Good morning, Vapers

I have seen the grow in demand for Mechanical mod, and I am concerned. Uneducated people are able to purchase these Mods at will. Recently I encounted a vaper that did not know how to wick or even know the ohms of his coils, he was using a clone mech. 

My idea is that all vape stores only sell mechs after the buyer has either convinced the experienced sales person that he/she knows about how to use a mech, or has been educated on the use of a mech. The more experienced users can maybe have some classes or tutorials on mechanical mods, be it in person or via youtube videos.

What do you think?

Reactions: Like 1 | Agree 1


----------



## SAVaper (22/8/17)

That would be great.
I have experienced sales people at vape suppliers that don't know that much either.
I think the reputable suppliers on this forum will always encourage that customers are informed and assisted.
I am more concerned about the sale of mech mods on facebook etc.


----------



## Nabeel Osman (22/8/17)

SAVaper said:


> That would be great.
> I have experienced sales people at vape suppliers that don't know that much either.
> I think the reputable suppliers on this forum will always encourage that customers are informed and assisted.
> I am more concerned about the sale of mech mods on facebook etc.
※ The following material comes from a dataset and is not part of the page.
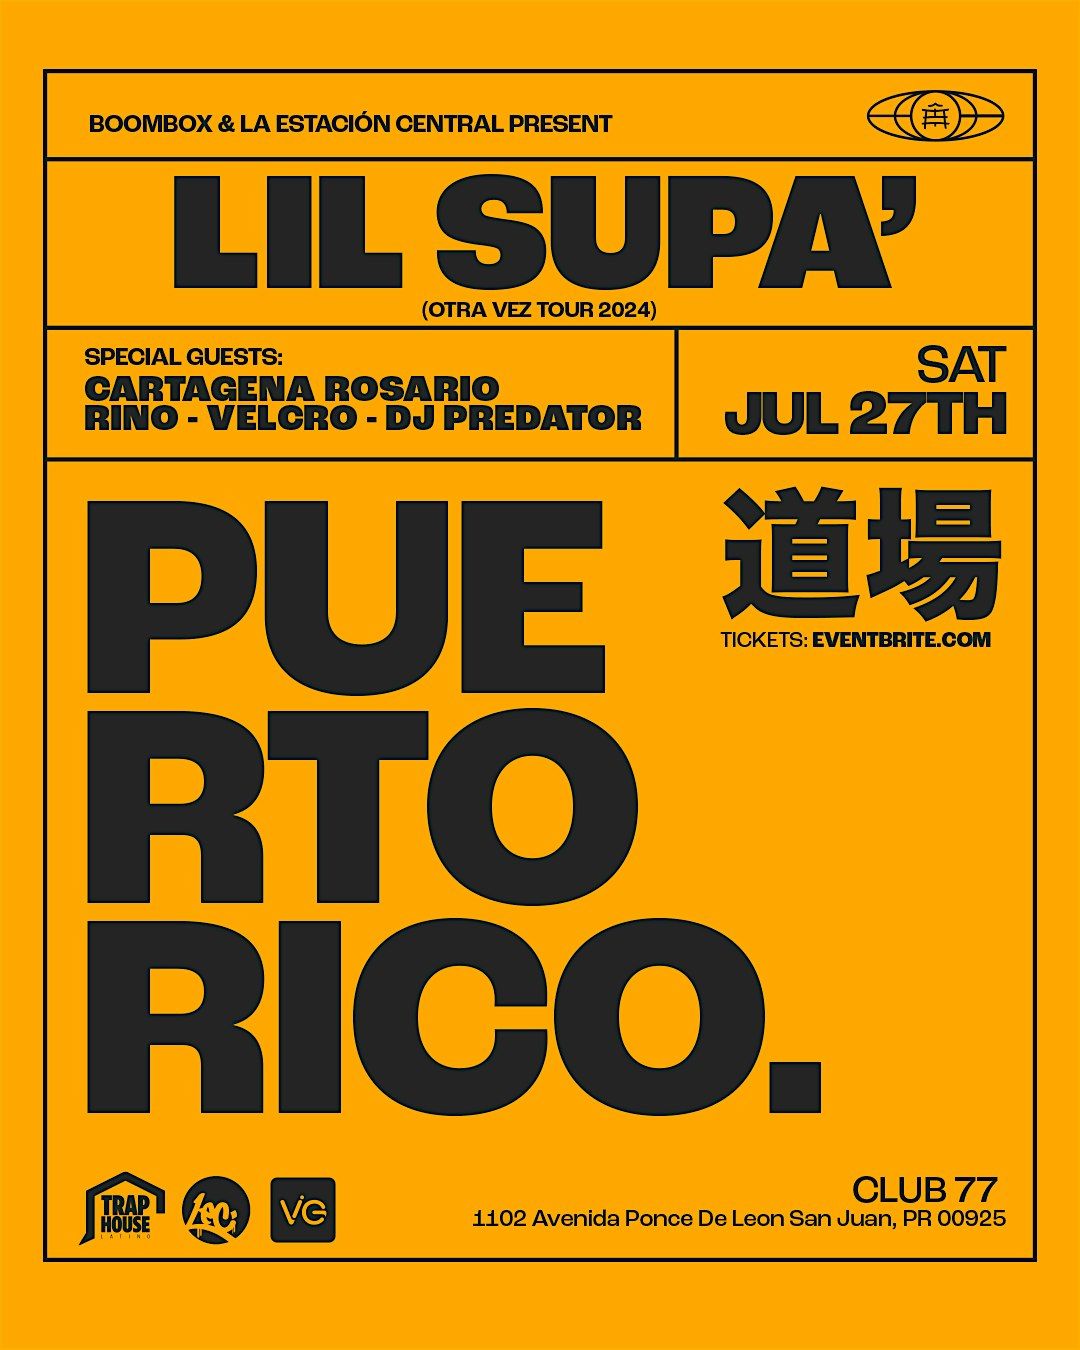 La Estaci\u00f3n Central presenta : Lil Supa en Puerto Rico
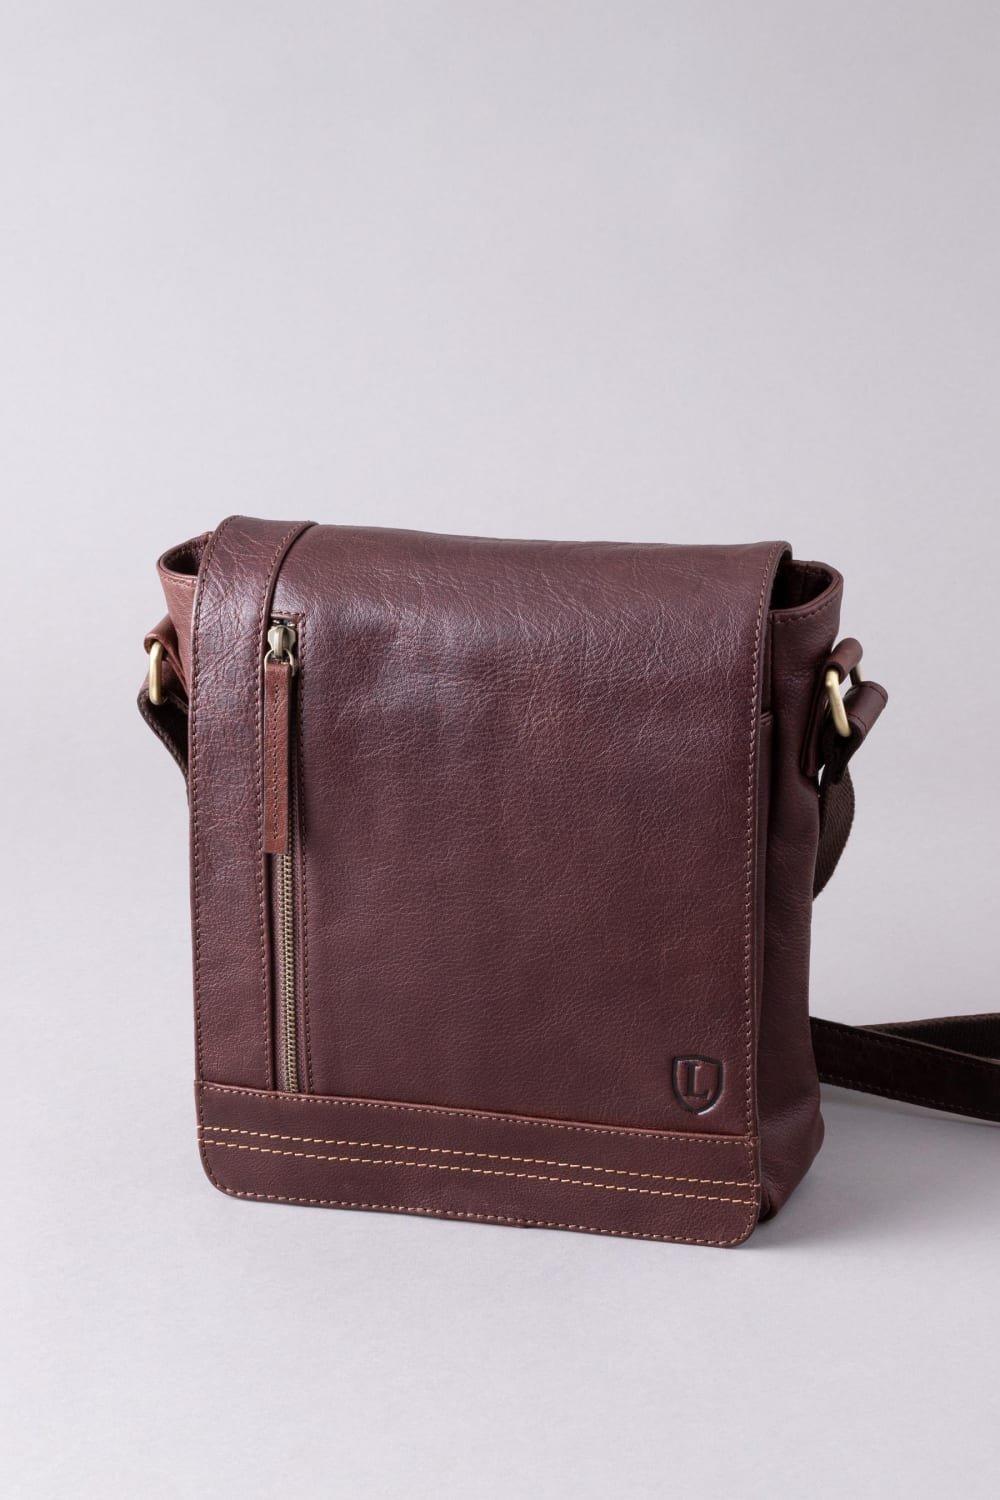 Кожаная сумка-мессенджер Keswick среднего размера Lakeland Leather, коричневый сумка кожаная женская с клапаном lmr 8101 11j

Yeah the 2nd hand market is hard to regulate. I fear incidents creating bans and sanctions on one of the best forms of vaping if not all of it as a whole.

Reactions: Agree 1


----------



## JollyVaper (22/8/17)

We already do this at our store. If a customer is looking to buy a mechanical mod we "test" them prior to the sale, and deny them the right to purchase a mech should they not have the necessary knowledge. 

If a customer displays the necessary knowledge and intimidation towards mech use they sign an indemnity and are given a crash course on safe mech use. We will also do their first build for them to show them how it's done.

Reactions: Like 1 | Winner 7


----------



## SAVaper (22/8/17)

JollyVaper said:


> We already do this at our store. If a customer is looking to buy a mechanical mod we "test" them prior to the sale, and deny them the right to purchase a mech should they not have the necessary knowledge.
> 
> If a customer displays the necessary knowledge and intimidation towards mech use they sign an indemnity and are given a crash course on safe mech use. We will also do their first build for them to show them how it's done.



Awesome


----------



## Nabeel Osman (22/8/17)

JollyVaper said:


> We already do this at our store. If a customer is looking to buy a mechanical mod we "test" them prior to the sale, and deny them the right to purchase a mech should they not have the necessary knowledge.
> 
> If a customer displays the necessary knowledge and intimidation towards mech use they sign an indemnity and are given a crash course on safe mech use. We will also do their first build for them to show them how it's done.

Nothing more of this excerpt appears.